### What you should do:
Transcribe all data verbatim. Skip the pictures.

### Provided material:

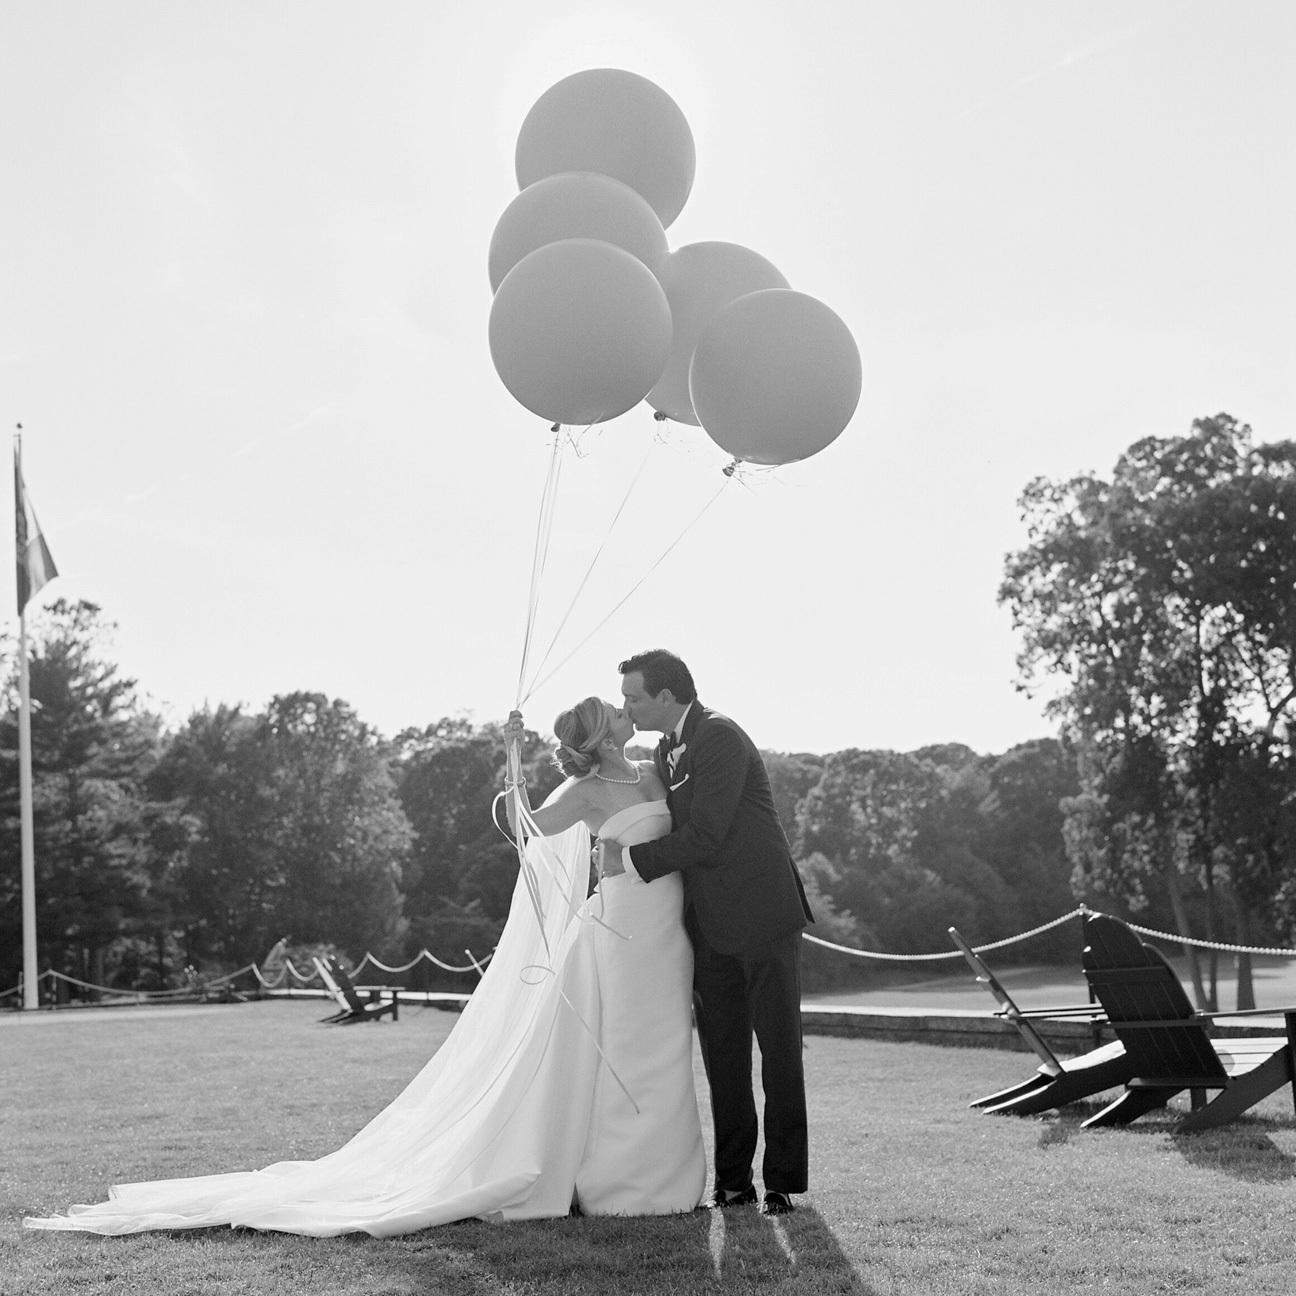 Wedding couple kissing holding balloons
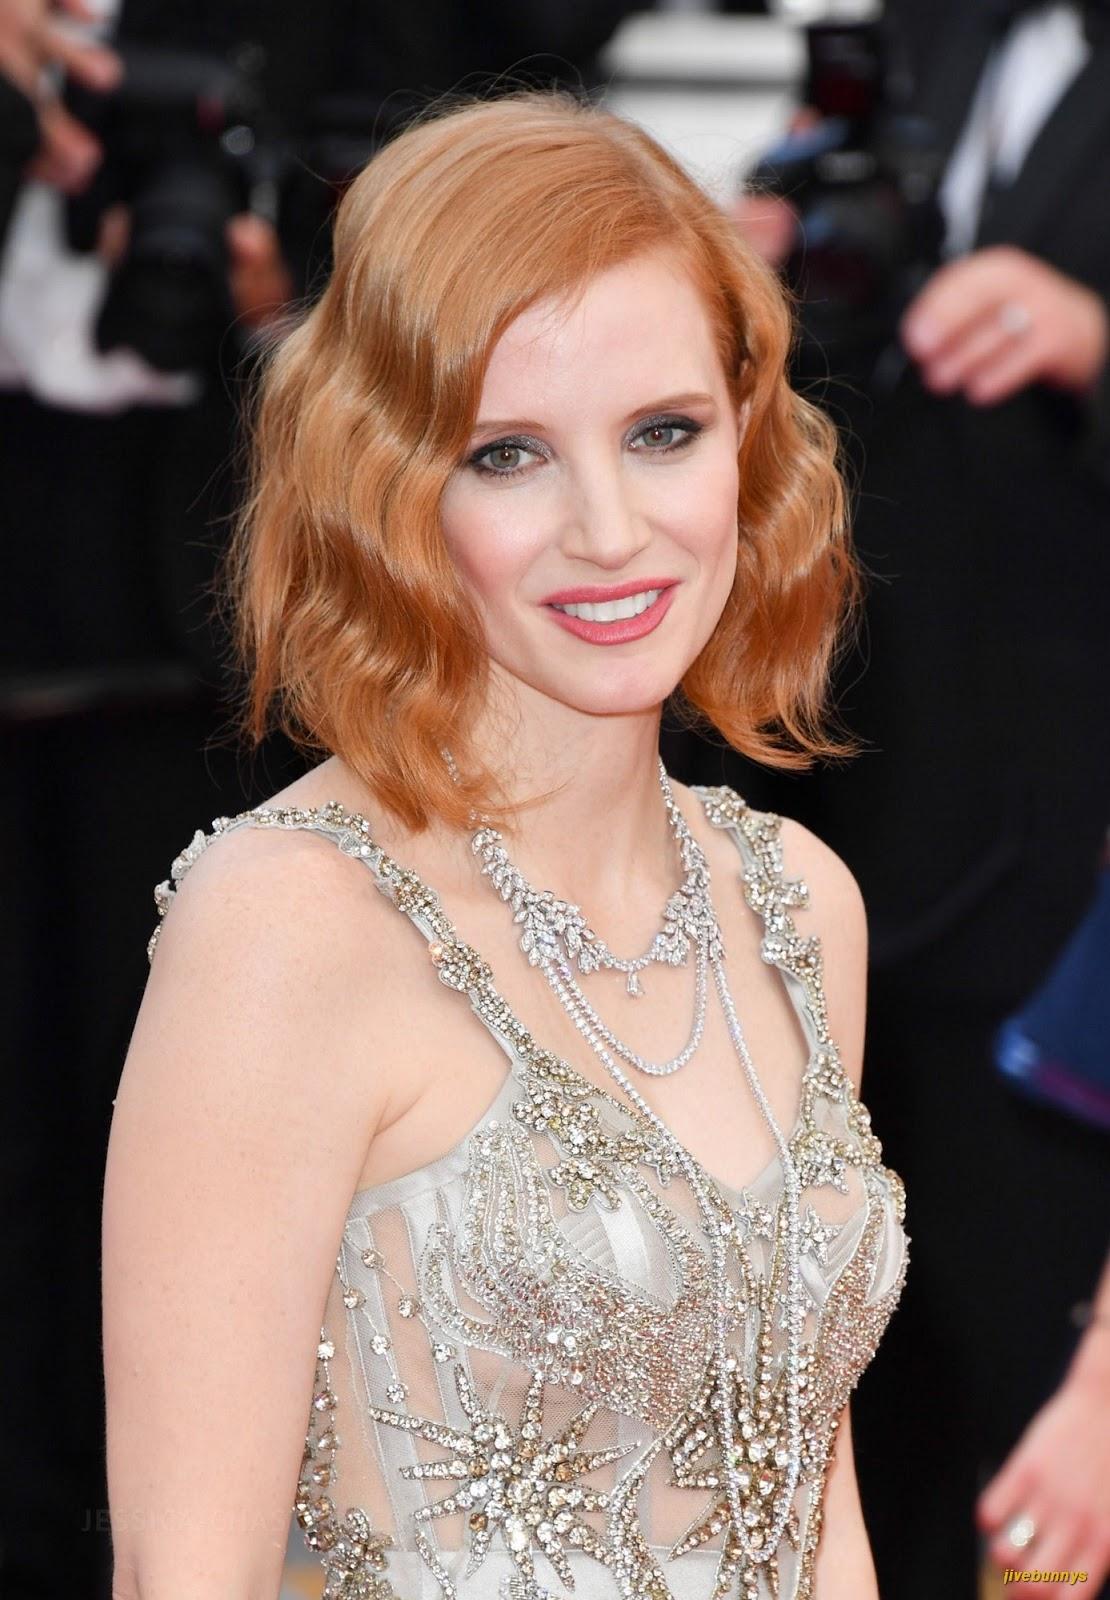 Jivebunnys Female Celebrity Picture Gallery: Jessica ... Jessica Chastain Movies
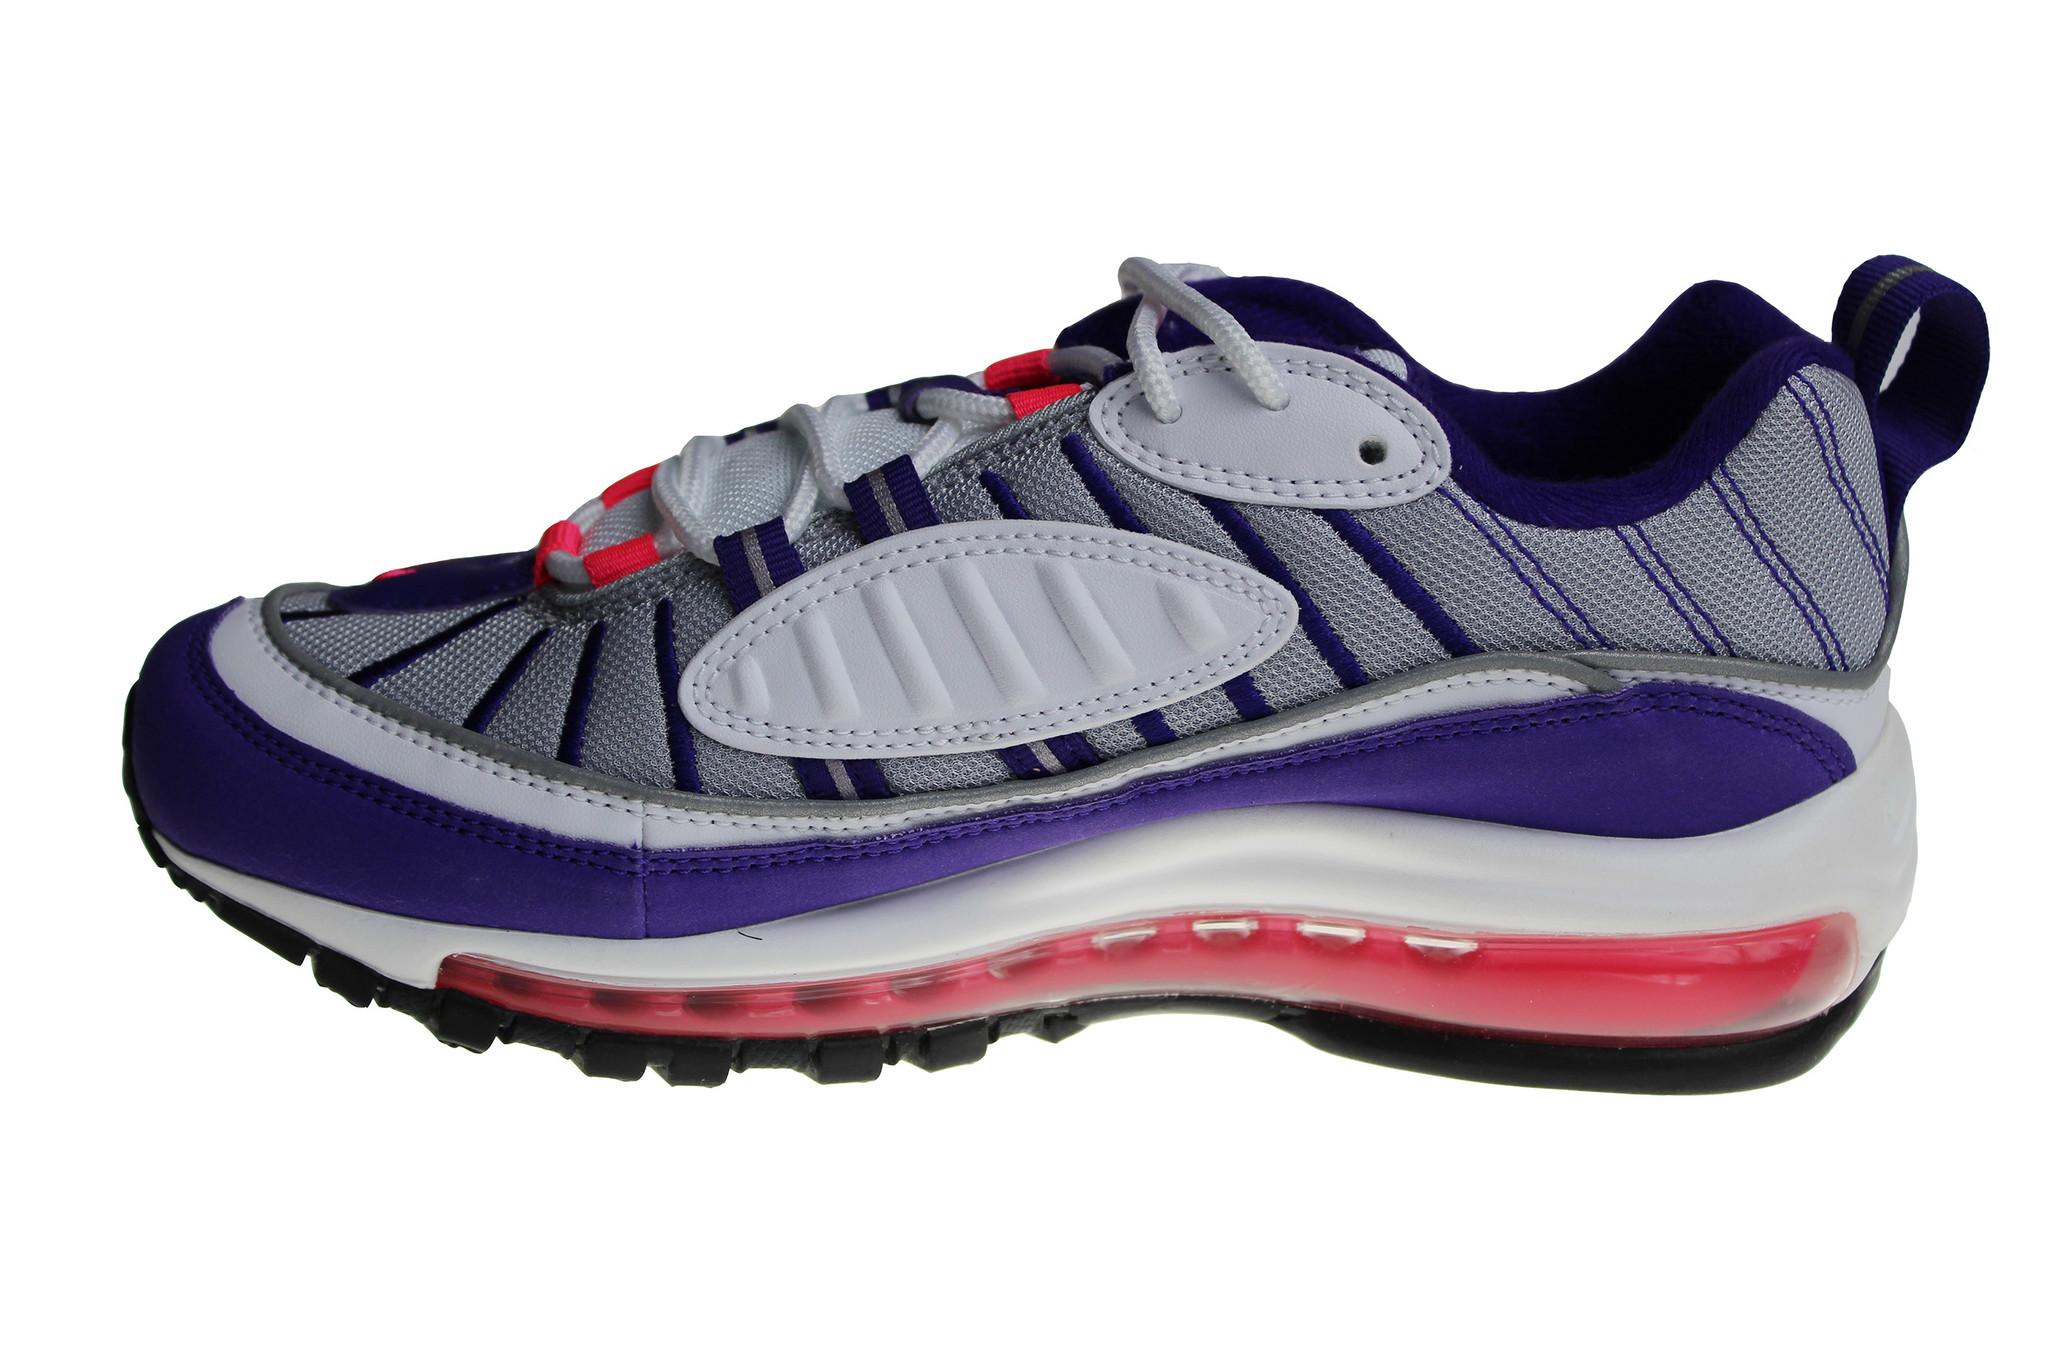 hot sale online ed8b9 a63cd Nike W Air Max 98 Pink/White/Blue/Grey AH6799 110 Women's Sneakers

### Output of the task:
 Wedding couple kissing holding balloons
 Jivebunnys Female Celebrity Picture Gallery: Jessica ... Jessica Chastain Movies
 hot sale online ed8b9 a63cd Nike W Air Max 98 Pink/White/Blue/Grey AH6799 110 Women's Sneakers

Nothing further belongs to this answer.